High Risk Erosion areas are those shorelands of the Great Lakes and where recession of active erosion has been occurring at a long-term average rate of one foot or more per year. The erosion can be caused from one or several factors. High water levels, storms, wind, ground water seepage, surface water runoff, and frost are important factors causing erosion.
Critical Dune Site Evaluations
Properties located in the Critical Dune area require a permit from EGLE for almost all activities. Some existing site conditions can make obtaining an EGLE permit difficult.
We recommend a preliminary site evaluation of properties within the Critical Dune area to determine the feasibility of a proposed project.

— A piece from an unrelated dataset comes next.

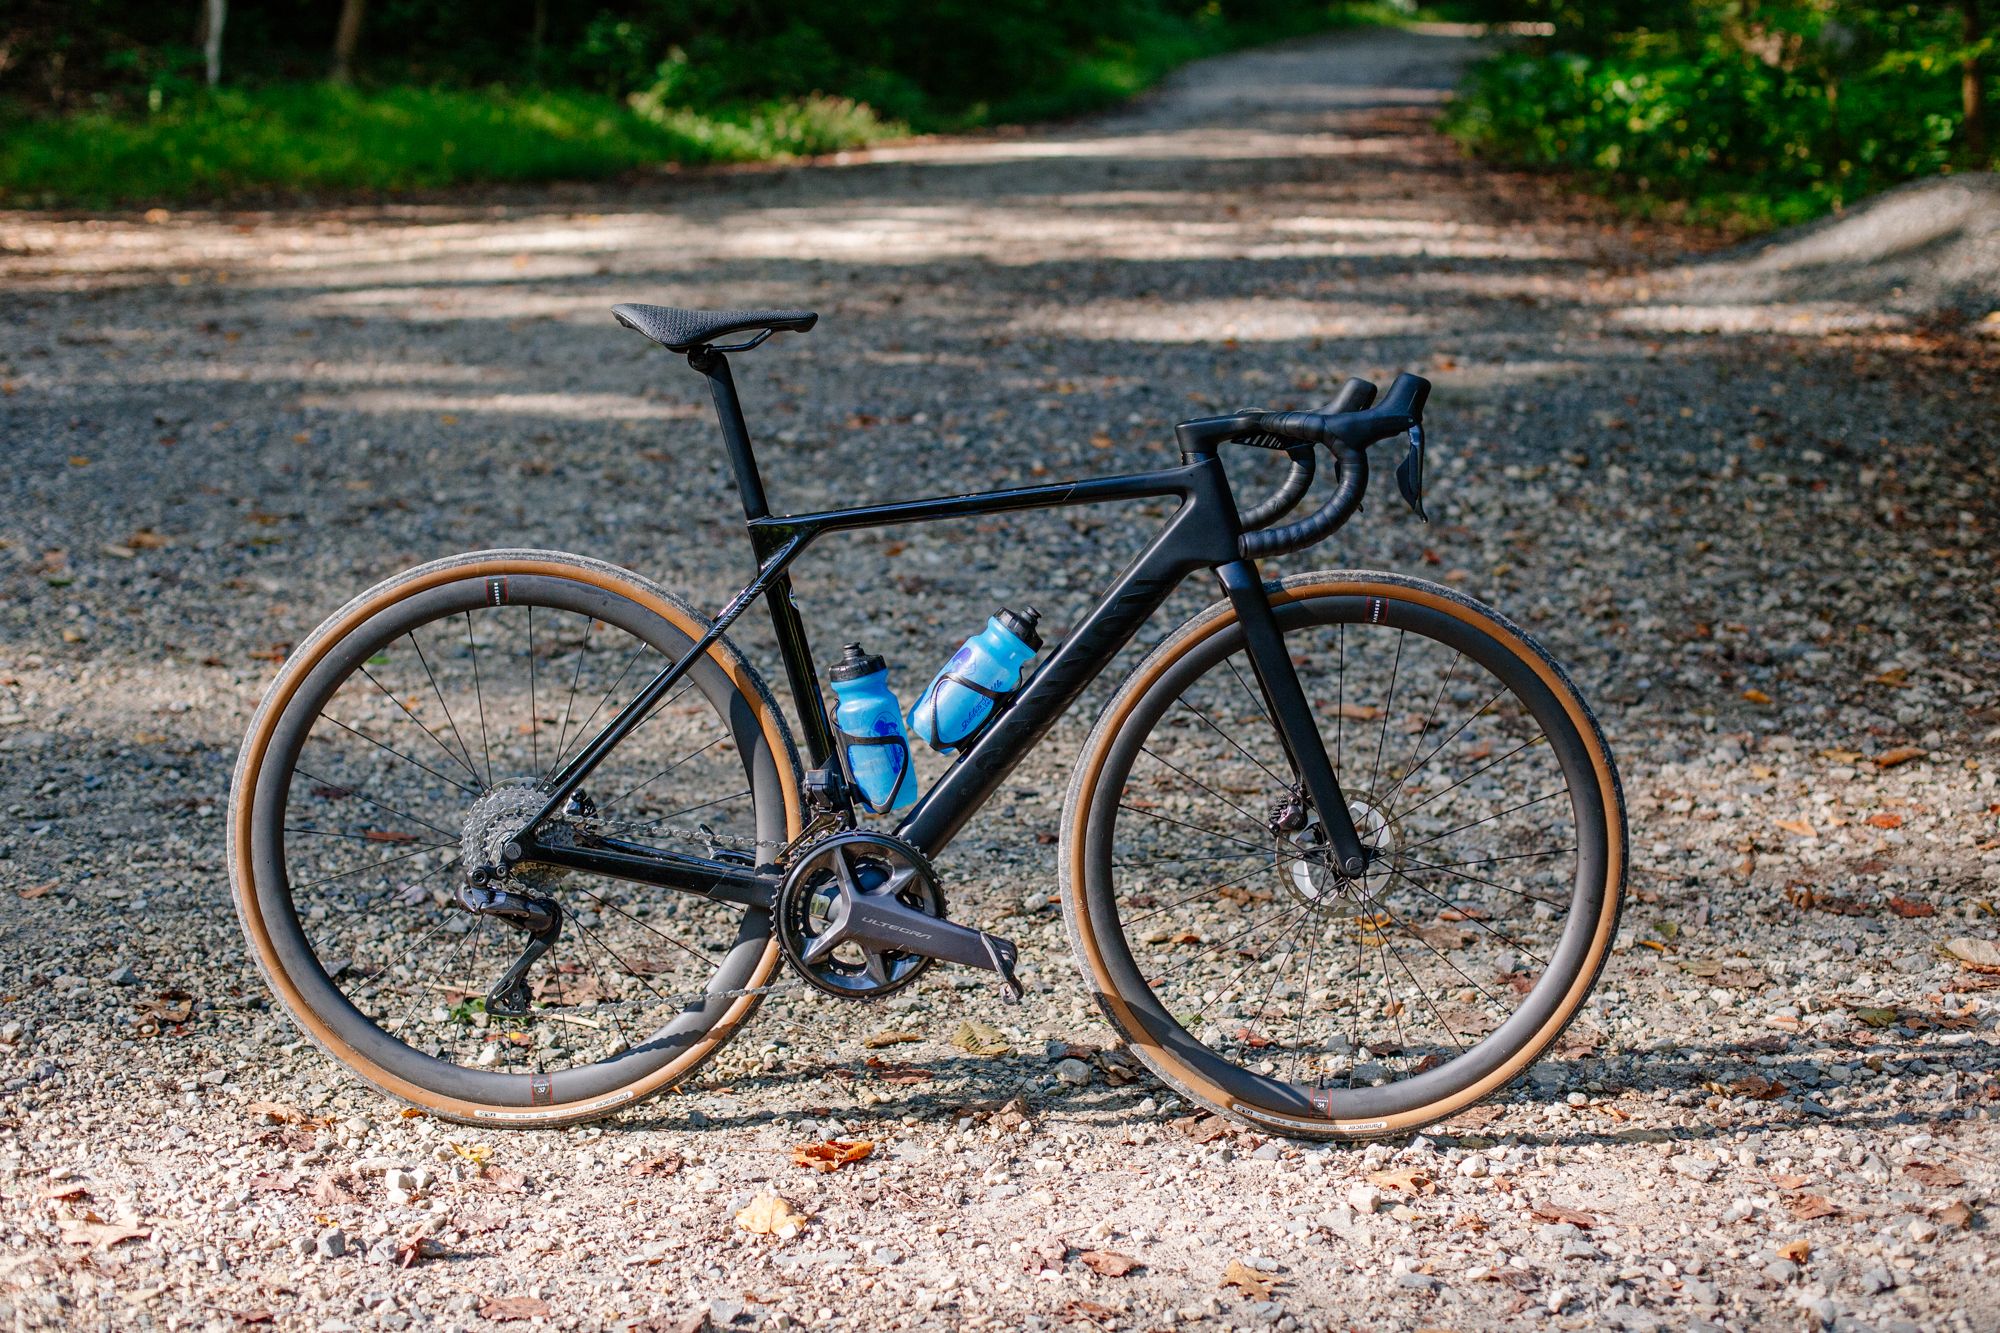 The Canyon Ultimate CFR might be designed for the road, but it can be equipped for gravel as well. This Canyon Ultimate is currently being put through the road and gravel paces by Bicycling’s gear testers. (Dan Chabanov)

High Risk Erosion Site Evaluations
A permit is required from EGLE for construction of all roofed structures and septic systems within the High Risk Erosion area. Each High Risk Erosion area along the shoreline has been given a specific 30-year and 60-year setback distance.
Onsite evaluations of properties within High Risk Erosion areas are necessary to determine the current location of these setbacks. The setback locations dictate the permittable location of a home and septic system and if there are any restrictions on the design of the home or addition to an existing home.